Sifting through prospective candidates, narrowing the list to finalists, and then interviewing to find the best match is arduous work. The significant time spent with the candidates that aren’t hired or selected is a huge waste of time.
Unless you decide to make this time extremely valuable, instead.
Evaluating the potential skills, talent, and fit of prospective candidates is the mainstay of the interviewing process. Leaders who want to make the most of this experience and gain true insight into the candidate save their hardest problems for them. You know…the problems you really wrestle with. The ones that keep you up at night.
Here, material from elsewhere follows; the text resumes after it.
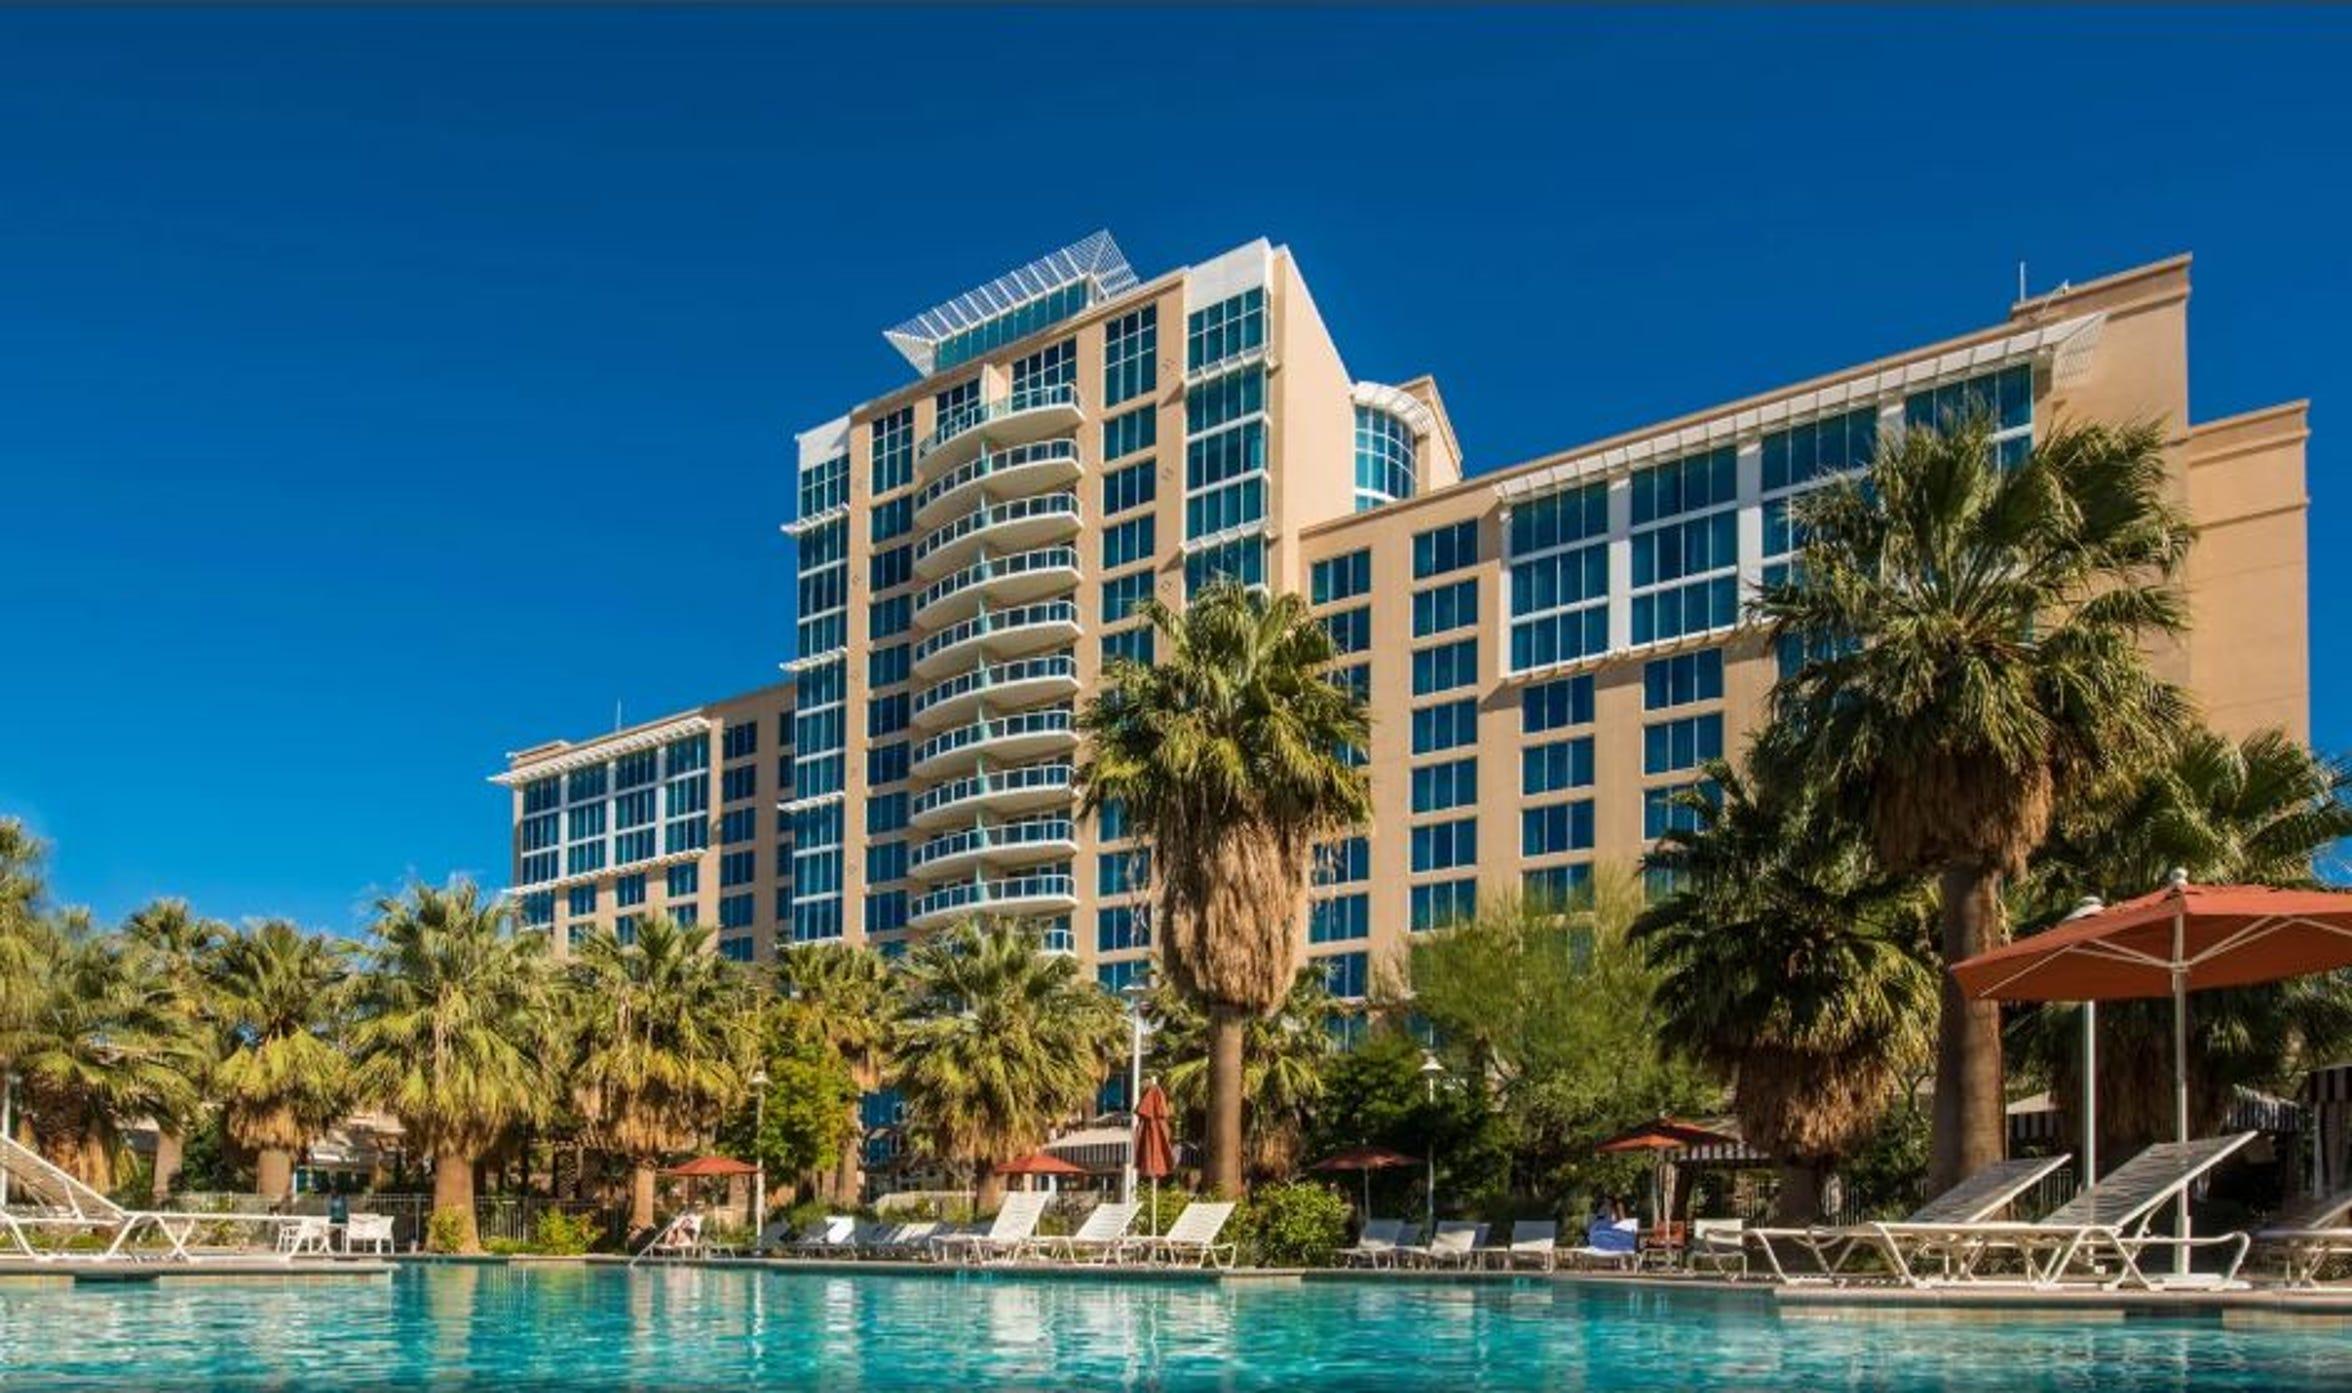 Agua Caliente Resort Casino Spa Rancho Mirage.
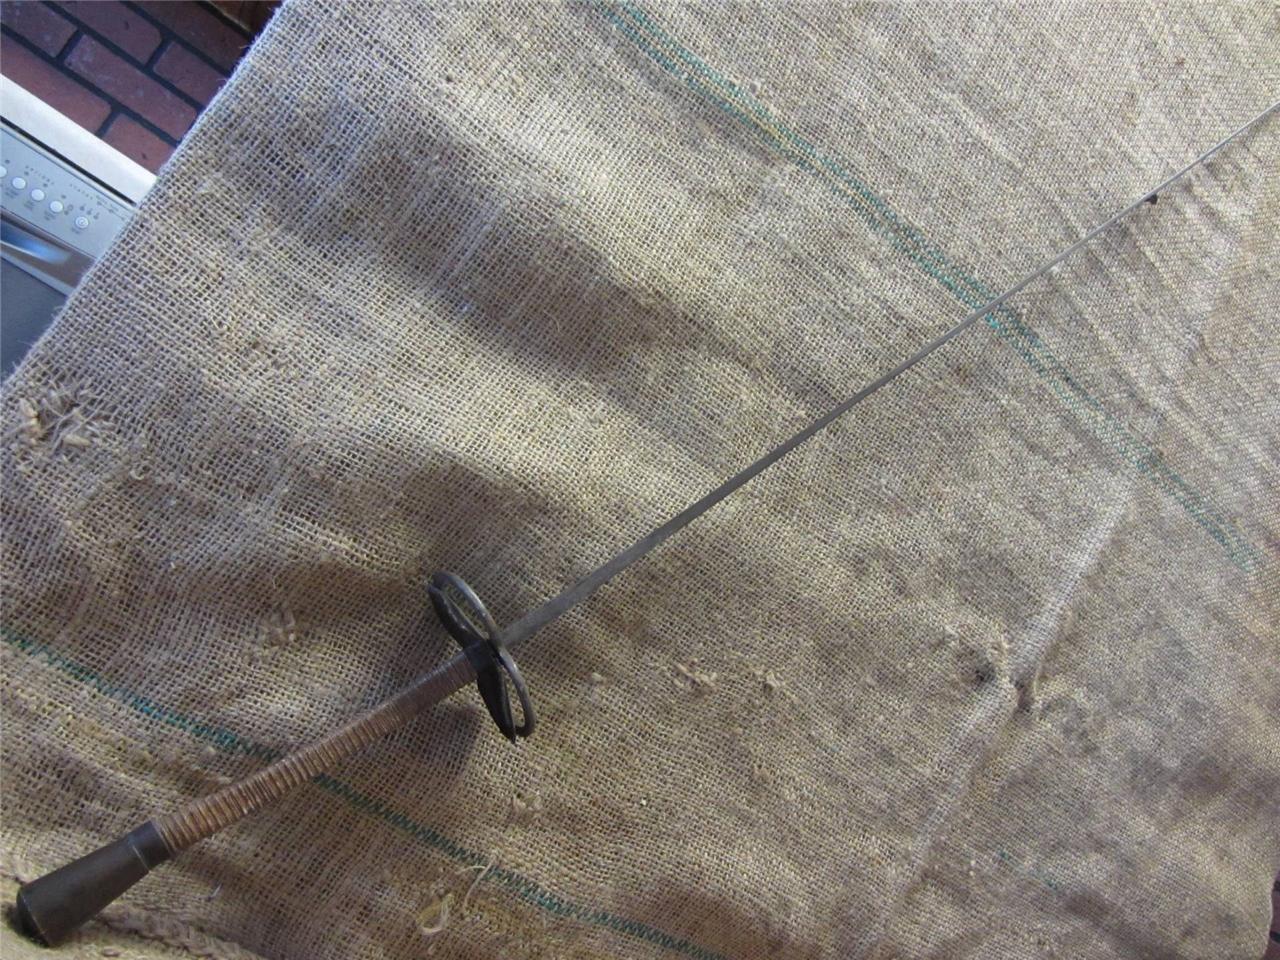 Vintage Franska Excelsior Fencing Sword Epie Antique Old Iron Brass Leather 9166

Problems about the business or enterprise, the team, customer retention, conflicting priorities, strategy execution, and the like.
Without giving away confidential information, the best leaders pose their most complex issues and problems to potential hires who don’t have the same blinders or work from the same assumptions. With fresh eyes, the recruits can tell you how they would go about addressing the issue or solving the problem. You might be surprised by what you learn.
To be fair, most candidates won’t have the context or insight to provide an answer of significance. But the question and response will tell you a lot about how experienced they are and what judgment they bring to a big problem. This is valuable information for assessing how talented they really are.
On occasion, a candidate will provide an answer that gets sparks flying. Perhaps it is not a solution, but an insight that gives you a new idea. Or better yet, they describe how they have seen others engage this issue or problem. Maybe something, which up to this moment, you’ve been blind to. No matter what they say, you can gain some valuable perspective, either about them, about the issue, or both.
Saving your knottiest problems for recruits turns every interview into highly valuable time. Why go through the process and have nothing to show for it regarding those you don’t select? Propose your toughest dilemmas and see how they would suggest handling them.
They may hand you a gift.
Recently, I had the opportunity to participate in an interview process where we employed the strategy mentioned in this blog post, and the results were truly eye-opening. During the interview, we presented a prospective candidate with a complex, real-world problem that our business was facing - one that had left our team at a standstill for quite some time.
As we laid out the problem to the candidate, they listened intently, asked insightful questions to gain a deeper understanding, and then began to brainstorm possible solutions. To our amazement, the interviewee proposed a fantastic idea that our team hadn't considered before. Their fresh perspective and innovative approach not only demonstrated their problem-solving skills and adaptability but also provided us with a potential solution to move forward in our business.
Incorporating this method into our hiring process not only allowed us to assess the candidate's critical thinking, adaptability, and judgment but also helped us derive value from the interaction, regardless of whether or not they were eventually hired. By framing the interview process as an opportunity for mutual learning and problem-solving, we were able to uncover hidden talent and drive innovation within our organization.